He already did something today where he said don’t blame them, essentially, for your incompetence. Let me tell you, it’s not even about Russia or China or whoever it is that’s doing the hacking. It was about the things that were said in those e-mails. They were terrible things, talking about Jewish, talking about race, talking about atheist, trying to pin labels on people — what was said was a disgrace, and it was Debbie Wasserman Schultz, and believe me, as sure as you’re sitting there, Hillary Clinton knew about it. She knew everything.
Trump then asked Russia to further hack his opponent.
Russia, if you’re listening, I hope you’re able to find the 30,000 e-mails that are missing.
Trump then doubled down on the comment he made about his taxes, assuring the press that he had “zero” business ties with Russia.
TRUMP: No, I have nothing to do with Russia, John (ph). How many times do I have say that? Are you a smart man? I have nothing to with Russia, I have nothing to do with Russia.
And even — for anything. What do I have to do with Russia? You know the closest I came to Russia, I bought a house a number of years ago in Palm Beach, Florida.
Palm Beach is a very expensive place. There was a man who went bankrupt and I bought the house for $40 million and I sold it to a Russian for $100 million including brokerage commissions. So I sold it. So I bought it for 40, I told it for 100 to a Russian. That was a number of years ago. I guess probably I sell condos to Russians, OK?
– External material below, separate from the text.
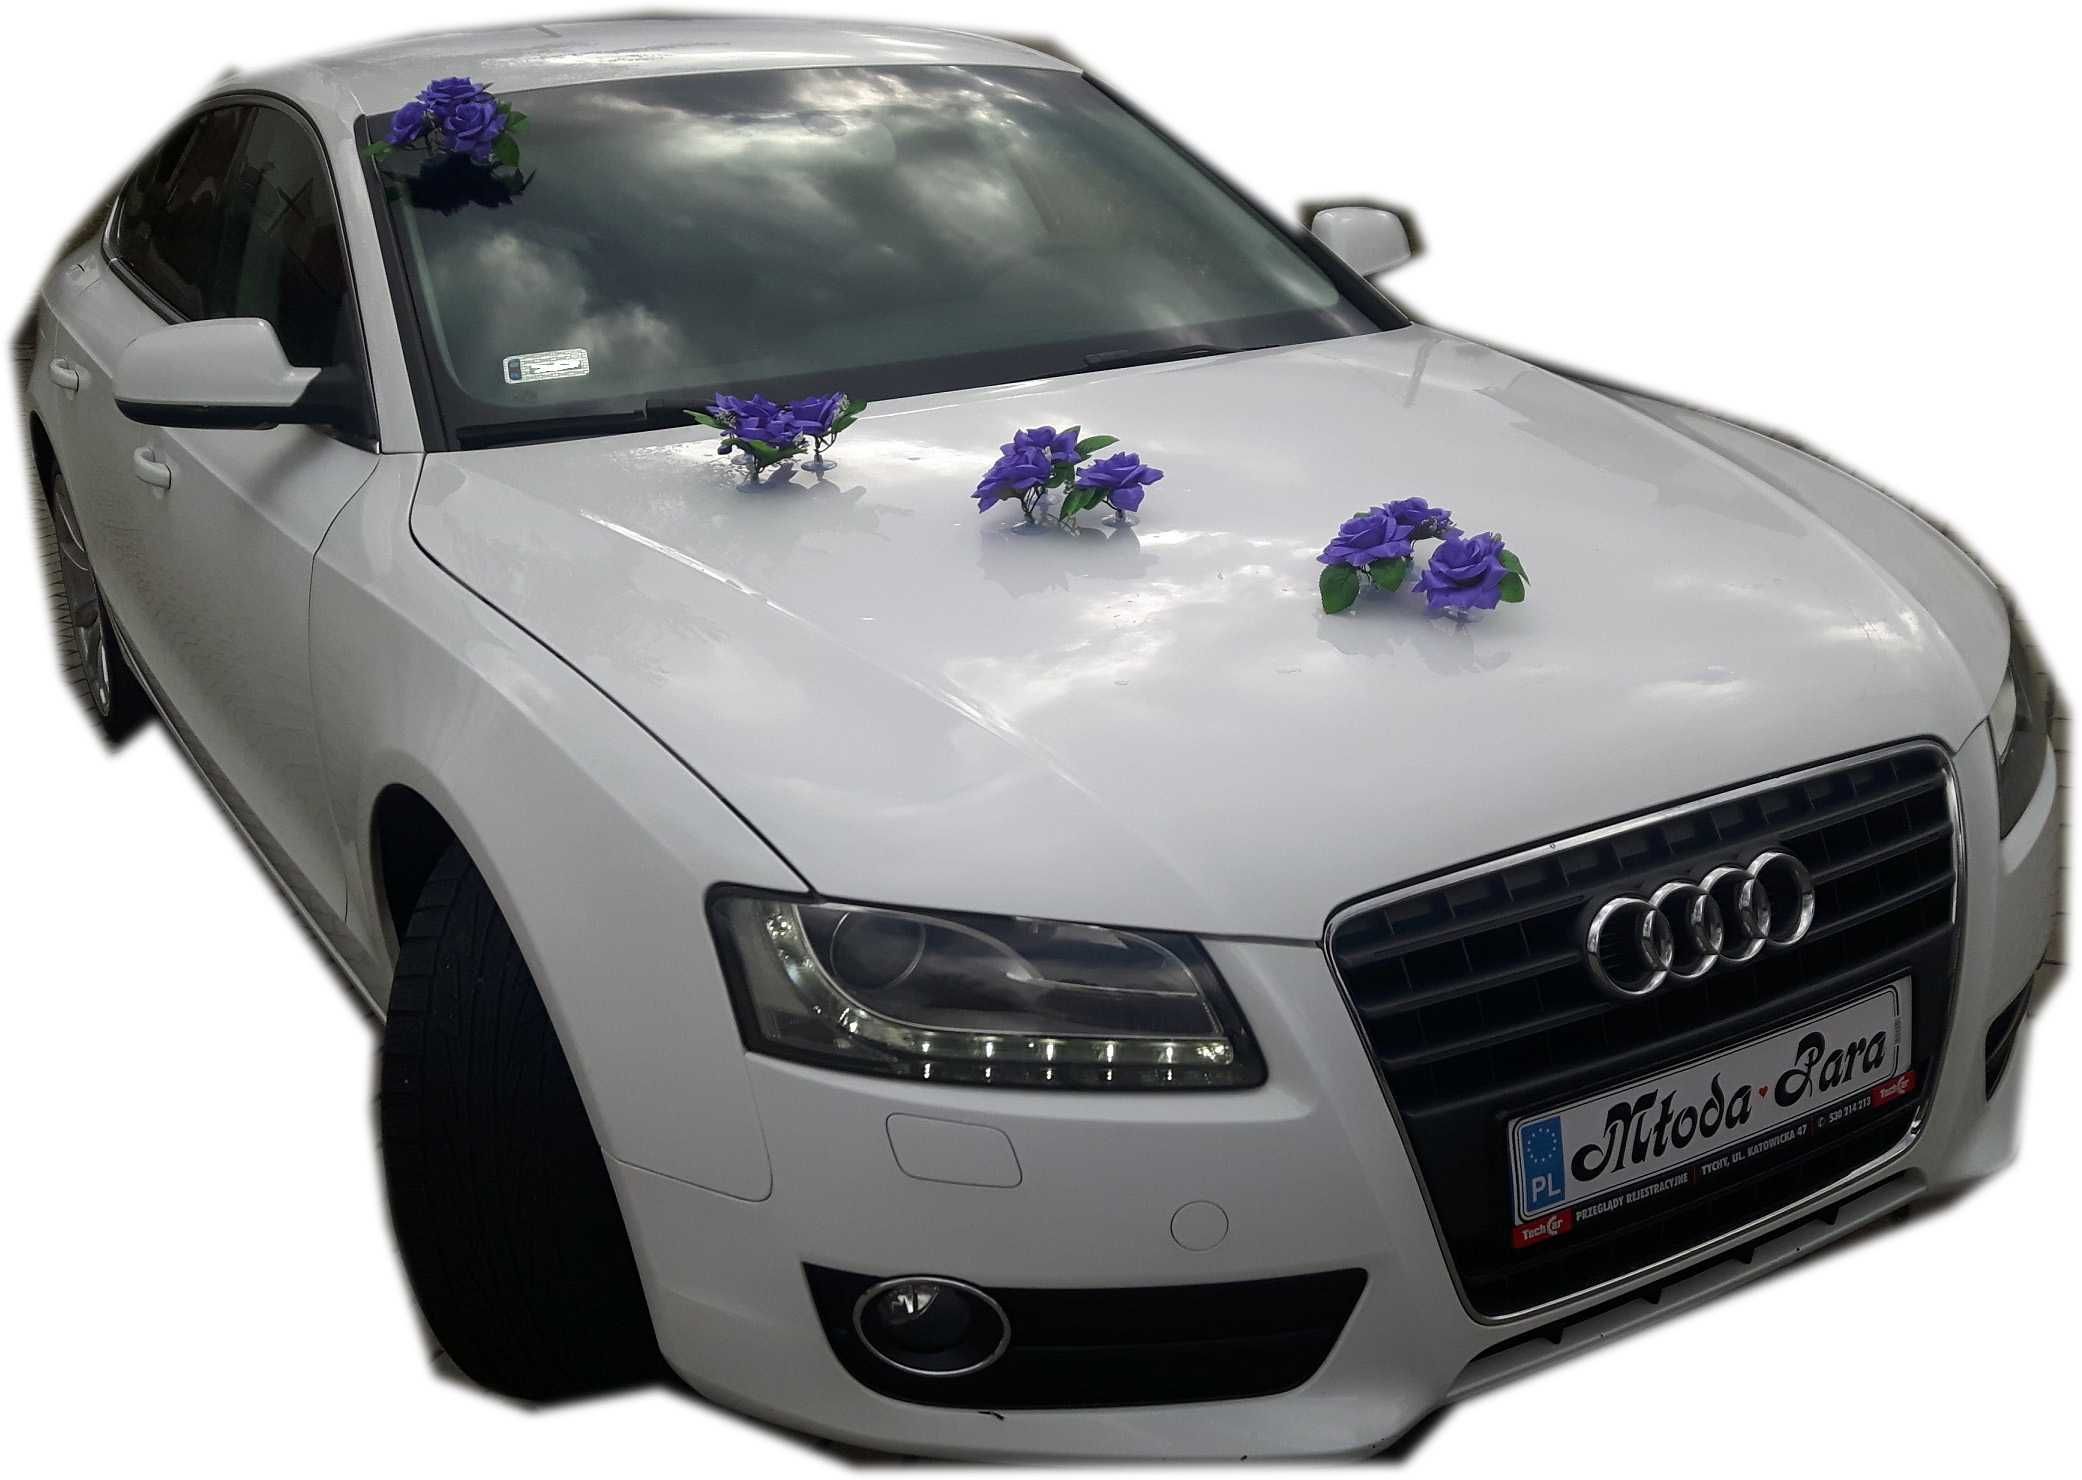 CIEMNY FIOLET Ozdoba na auto samochód do ślubu.Dekoracje 152

TRUMP: Of course I can. I told you, other than normal stuff — I buy a house if I sold it to a Russian. I have nothing to do with Russia. I said that Putin has much better leadership qualities than Obama, but who doesn’t know that?
TRUMP: Of course not. I own the Trump organization. Zero, zero. Go ahead.
Trump then reiterated his claim that no one could attribute the DNC hack to Russia.
TRUMP: No, but they seem to be, if it’s Russians. I have no idea. It’s probably not Russia. Nobody knows if it’s Russia. You know the sad thing is? That with the technology and the genius we have in this country, not in government unfortunately, but with the genius we have in government, we don’t even know who took the Democratic National Committee e-mails. We don’t even know who it is.
I heard this morning, one report said they don’t think it’s Russia, they think it might be China. Another report said it might be just a hacker, some guy with a 200 I.Q. that can’t get up in the morning, OK? Nobody knows. Honestly they have no idea if it’s Russia. Might be Russia. But if it’s any foreign country, it shows how little respect they have for the United States. Yes, ma’am.
Finally, Trump also stated that he would consider lifting sanctions on Russia.
QUESTION: I would like to know if you became president, would you recognize (inaudible) Crimea as Russian territory? And also if the U.S. would lift sanctions that are (inaudible)?
TRUMP: We’ll be looking at that. Yeah, we’ll be looking.
Each of these comments, individually, would have raised eyebrows. The same comments, made by an American citizen, would equally have raised alarms among those committed to cybersecurity.
But for a presidential candidate to encourage the hostile nation-state information operation targeting his opponent, then ask the hostile nation-state to further target her, in conjunction with the repeated denials of any business ties to Russia raised real, legitimate questions about whether Trump was putting his own interests above the national security of the country.
You might excuse Durham for excluding this from his indictment because after all he was busy indicting a ham sandwich based on hearsay evidence he might be able to exclude these facts at trial. Except that an August 20 comment from TE-1 that Durham quotes in his indictment may be a direct reference to (and at the least incorporates knowledge of) this press conference.
Trump has claimed he and his company have had NO dealings with .ru other than the failed Casino, and the Miss universe pageant. He claims absolutely NO interaction with any financial institutions. So any potential like that would be jackpot.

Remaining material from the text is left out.